Lenny Harbinson says Antrim will aim to "put in a very good performance" against Tyrone on Saturday despite their severely under-strength squad.

The manager is reluctant to highlight Antrim's absenteeism but the facts speak for themselves.

"Out of the team that finished the campaign against Offaly last year, there are 10 starters missing from the panel," says the Antrim boss.

"Around about 16 seasoned inter-county footballers in total [are absent]."

Different players have different reasons for the absences and Harbinson, who was appointed Antrim boss in September 2017, is careful to point that long-standing Saffron servant Mark Sweeney and his fellow Dublin-based Peter Healy are unavailable because they are in the middle of important exams.

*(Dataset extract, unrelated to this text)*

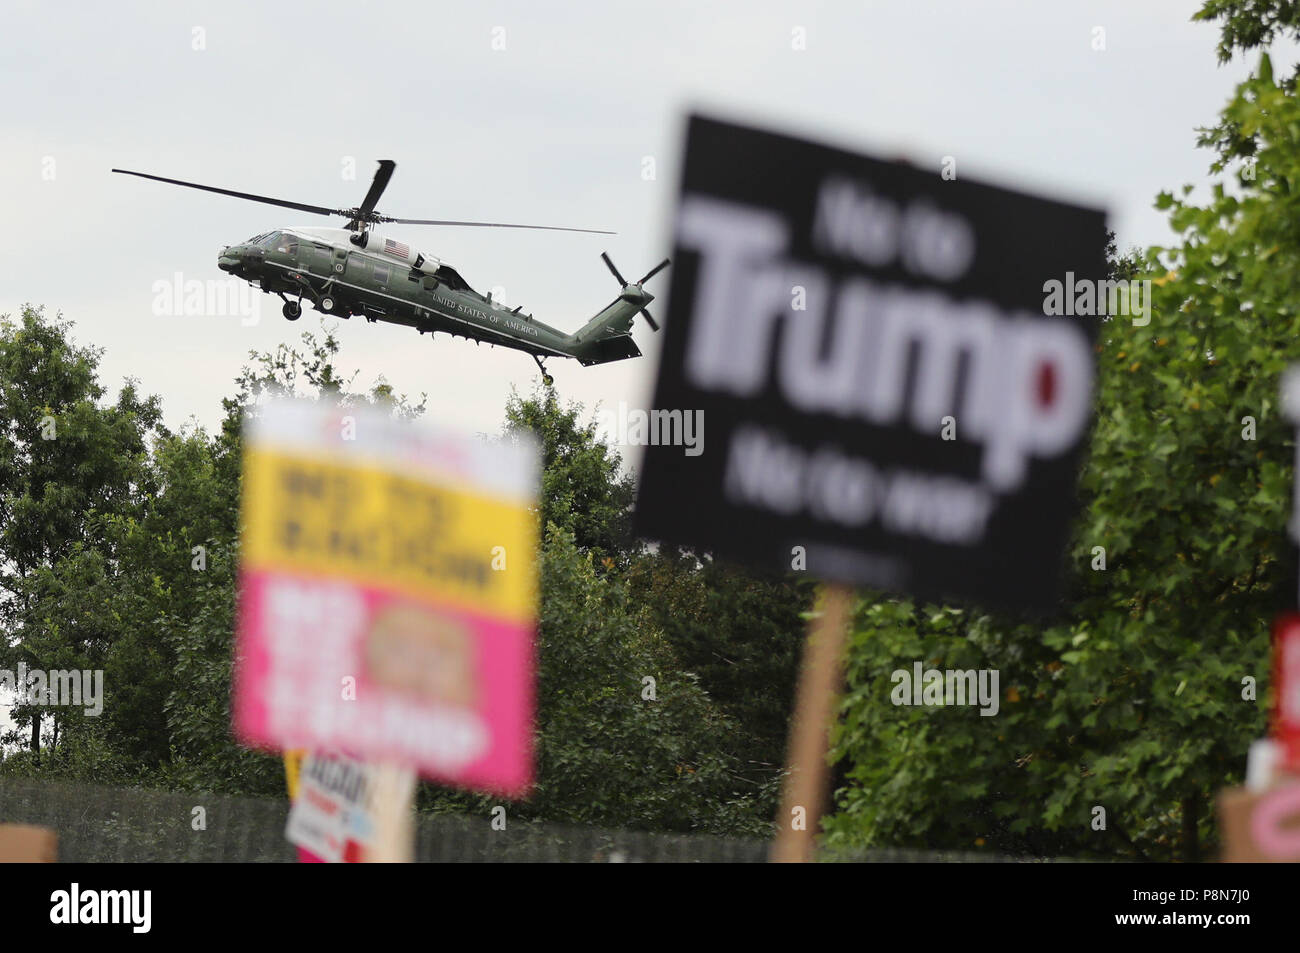 A US presidential helicopter lands in the grounds of the US ambassador residence in Regent's Park, London whilst demonstrators gather as part of the protests against the visit of US President Donald Trump to the UK. Stock Photo
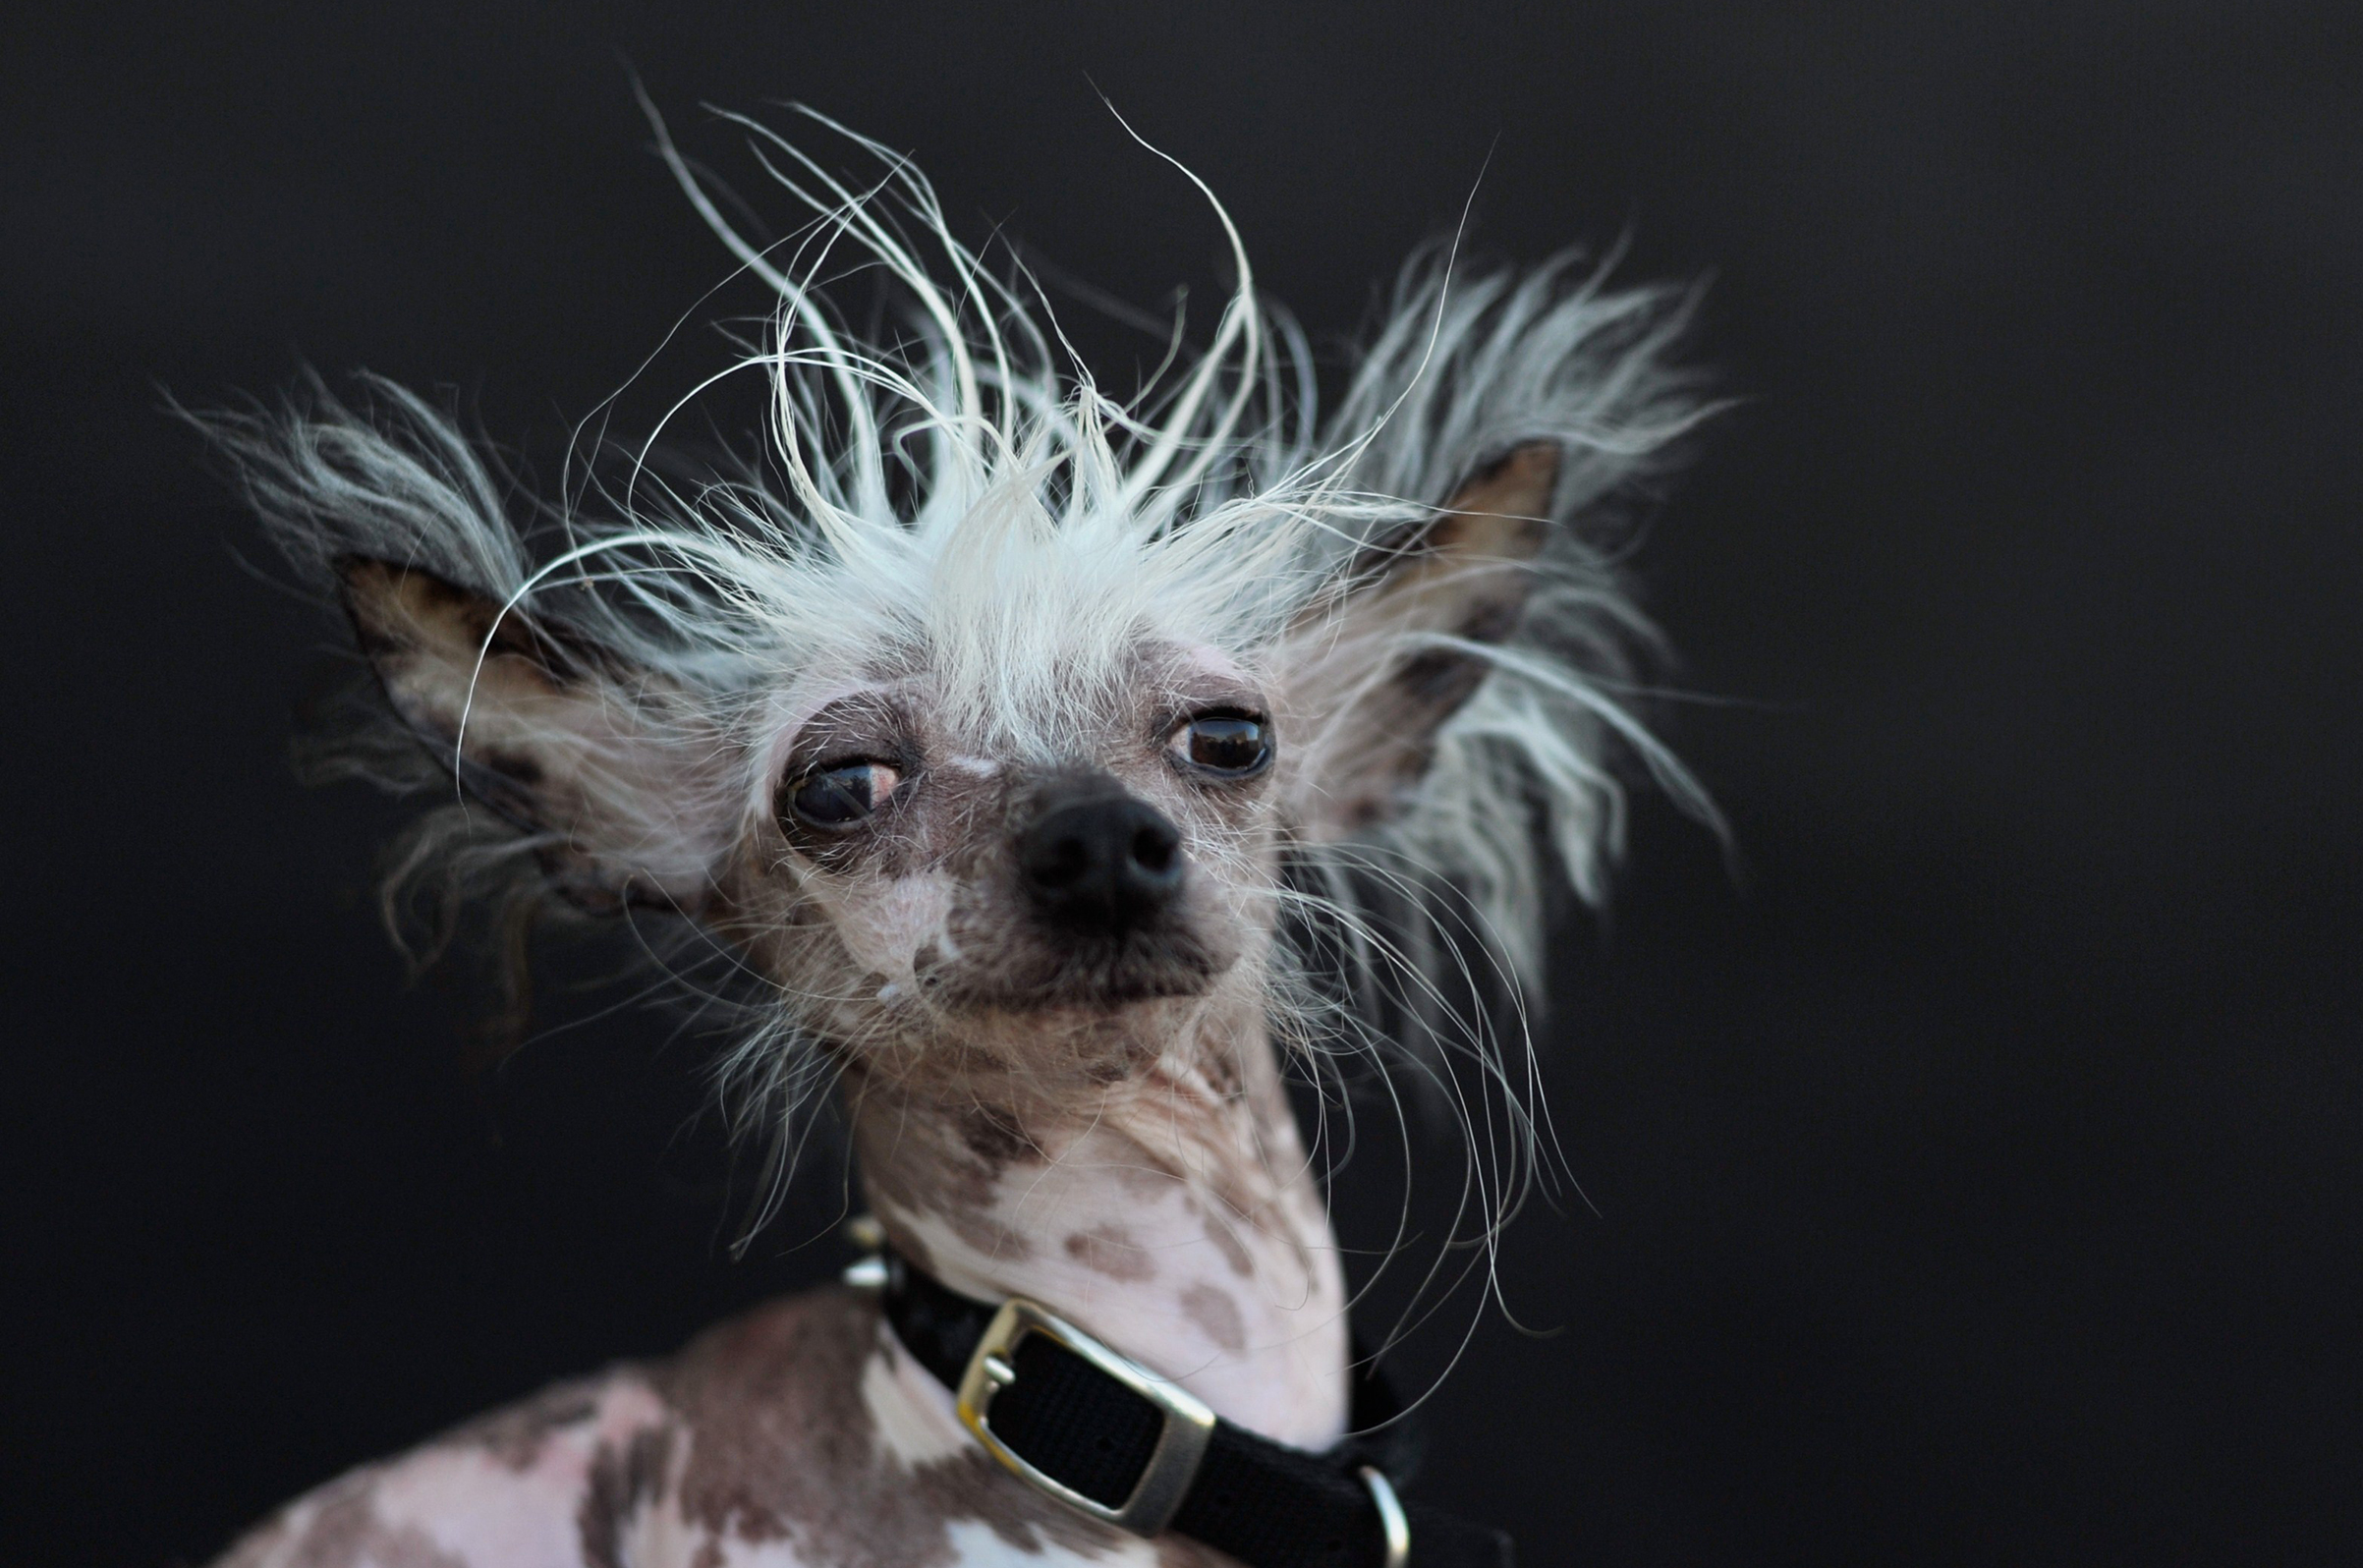 Rascal, a Chinese Crested, poses for a portrait after competing in the World's Ugliest Dog Competition in Petaluma, Calif. on June 26, 2015.

"Mark Sweeney and Peter Healy are two tremendous footballers but there is a big commitment from county football and the travel never mind having to turn up for training four or five nights a week.

"So it is disappointing when they do leave but you have got to look at it both from their education and work and trying to balance sport in between and our challenges are probably no different to many other counties," adds Harbinson, who guided St Gall's to the 2010 All-Ireland Club title.

Mark Sweeney is among a long list of absentees for Antrim
Dublin-based Mark Sweeney is unavailable for Antrim's Ulster Championship tie because of exam commitments

Narrow defeats end promotion hopes

With players continuing to drift from the squad as the Spring went on, Harbinson's avowed main season aim of getting the Saffrons out of Division Four did not materialise as his side's hopes were extinguished by three opening defeats.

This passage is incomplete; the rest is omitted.